Details on the FRR's role 
The FRR is a long-run investor. Its mission as conferred by law is to “manage the sums that are allocated to it, to build up reserves to help ensure the long-term future of eligible retirement plans”. 
The Fund is also responsible for the financial management of a portion of the exceptional, one-off, lump-sum contribution owed to the CNAV (Caisse Nationale d'Assurance Vieillesse).

The government has set out a timetable for the payout of the Fund's assets. Under the terms of the social security financing law 2011,“the sums allocated to the Fund are held in reserve until 1st January 2011. As from this date and up until 2024, the Fund shall each year, and at the latest by 31 October, pay 2.1 billion euros to the national social debt amortization fund (Caisse d’Amortissement de la Dette Sociale - CADES) to help finance, between 2011 and 2018” the deficits of the entities that administer the basic pension.

On this basis the FRR determines the general investment policy guidelines consistent with"the principles of prudence and risk diversification given the target timetable for utilisation of the Fund's resources, in particular the above-mentioned payout obligations".In its implementation, the aim of the FRR's investment policy is also to help finance economic actors in general and businesses in particular. This in turn helps to consolidate their prospects for long-term growth and promote sustainable wealth creation and job growth. At the same time, it is consistent with certain shared values that promote balanced economic, social and environmental development. In 2008, the Supervisory Board adopted a responsible investment strategy which seeks to enable the Fund to honour its commitments as a signatory to the UN's PRI (Principles for Responsible Investment).

Activity 
The management of its assets is entrusted to authorized investment services providers permitted to conduct portfolio management services on behalf of third parties as referred to in paragraph 4 of article L.321-1 of the monetary and financial Code.
As an administrative public establishment, the FRR is required to select its contractors using the French government procurement process (RFP procedures).
The employees are mainly coming from the asset management industry, and are specialised in investment services providers selection.

FRR's organisation
The FRR is a publicly owned, state-funded agency governed by 
 an Executive Board and,
 a Supervisory Board.

Consistent with its stated purpose and in light of the volumes of funds it manages, the FRR has set up structures of management and government intended to ensure: 
 Independence: This spirit is reflected in the Fund's status.
 Transparency: Due to the nature of the Fund's resources, its strategy and financial statements must be disclosed to the public at regular intervals. The process of awarding management mandates for the Fund's assets is conducted in compliance with official government regulations on public bidding and requests for proposals (RFPs).
 Close involvement of labor and management stakeholders and legislators in the operation of the FRR, via its Supervisory Board.

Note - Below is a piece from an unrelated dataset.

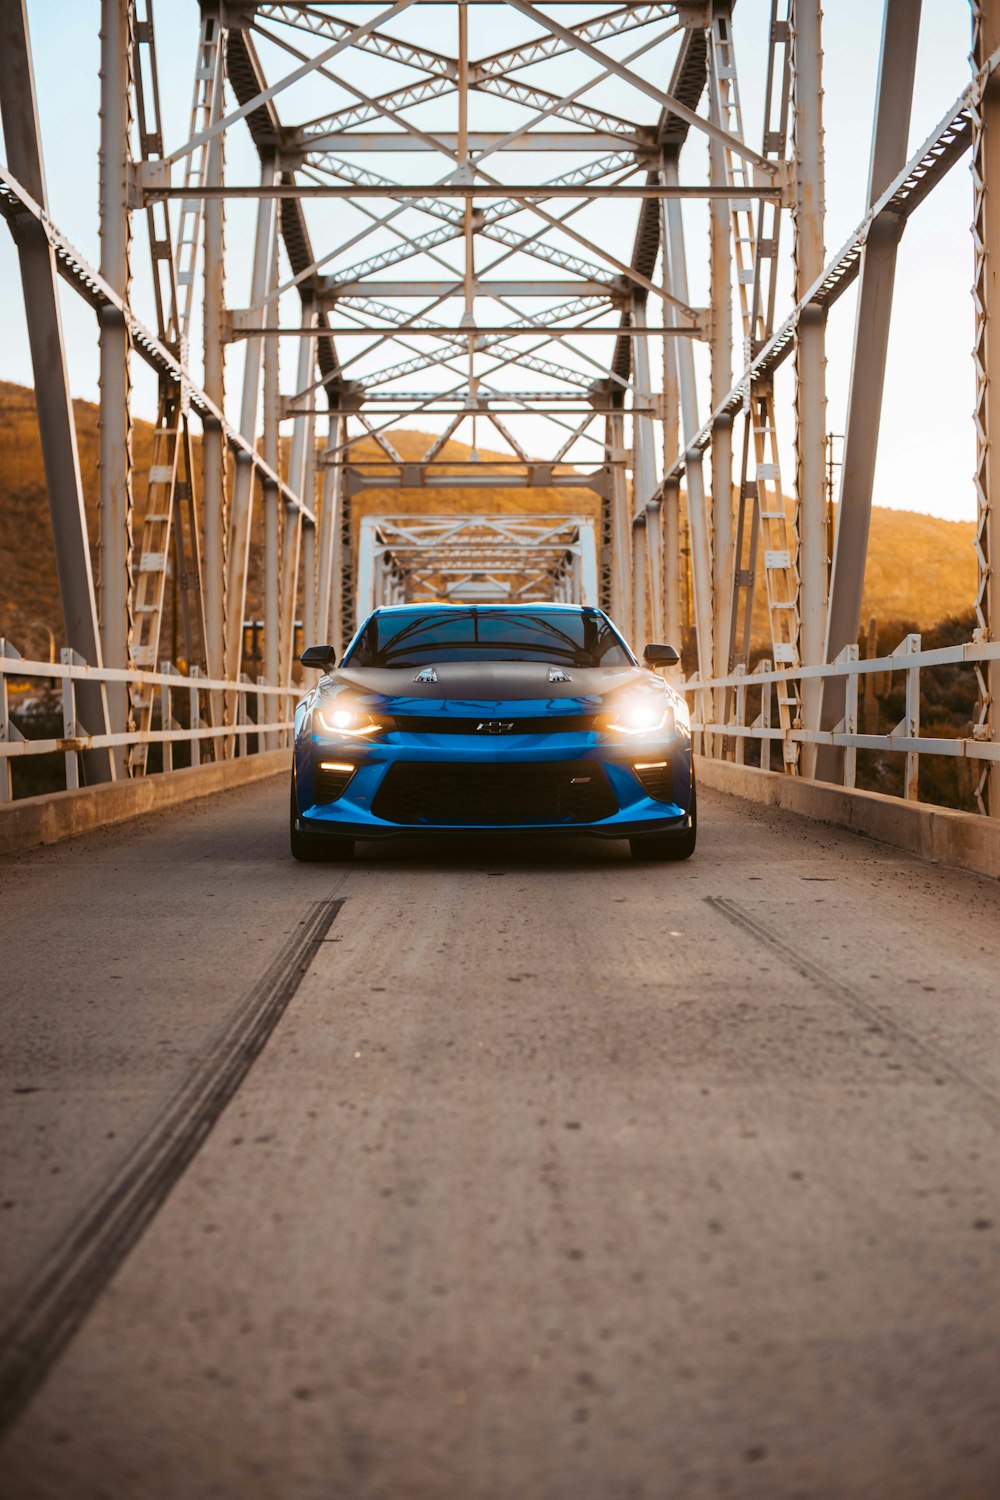 Chevrolet Camaro azul rodando na ponte durante o dia
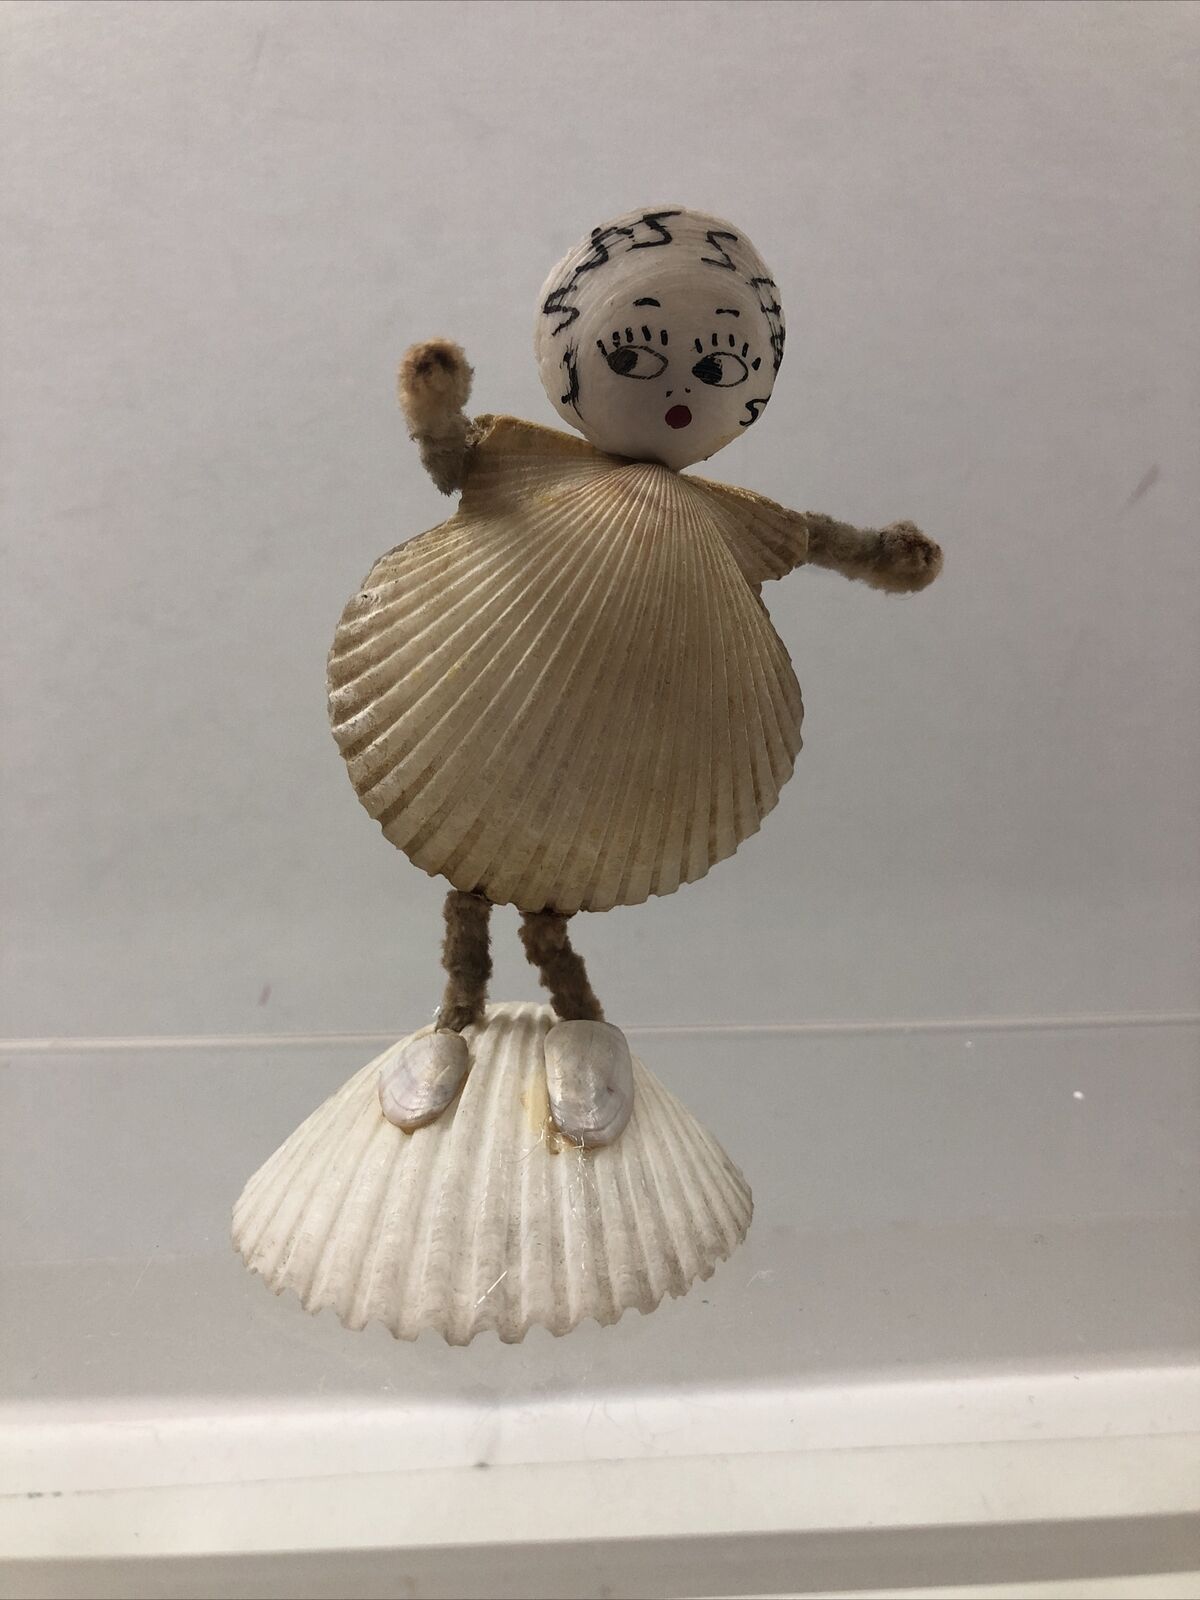 Vintage Seashell Art Doll - 1943 Souvenir Folk Art Decor Boho Beach Travel 4\

The Supervisory Board of the FRR
Supervisory Board members include legislators, labor/management stakeholders, representatives of the ministries under whose general supervision the FRR operates (i.e., the ministries of Social Security and of the Economy, Finance and Industry) and individuals with recognized credentials in fields that are relevant to Fund's stated missions. The Board, which currently counts twenty members, is required to meet a minimum of twice yearly.

Since November 24, 2011, Alain Vasselle is the President of the Supervisory Board of the FRR.

The Executive Board 
The Executive Board has three members:
 Eric Lombard – Chief Executive Officer of (Caisse des Dépôts) – President of the Executive Board of FRR,
 Yves Chevalier – member of the Executive board,
 Olivier Rousseau – member of the Executive board.
 
The Executive Board is responsible for directing the agency and for ensuring its smooth operation. It executes investment policy guidelines and ensures compliance with them. The Executive Board reports regularly to the Supervisory Board on its management of the agency, and in particular relates information on the way in which investment policy guidelines take into account social, environmental and ethical considerations.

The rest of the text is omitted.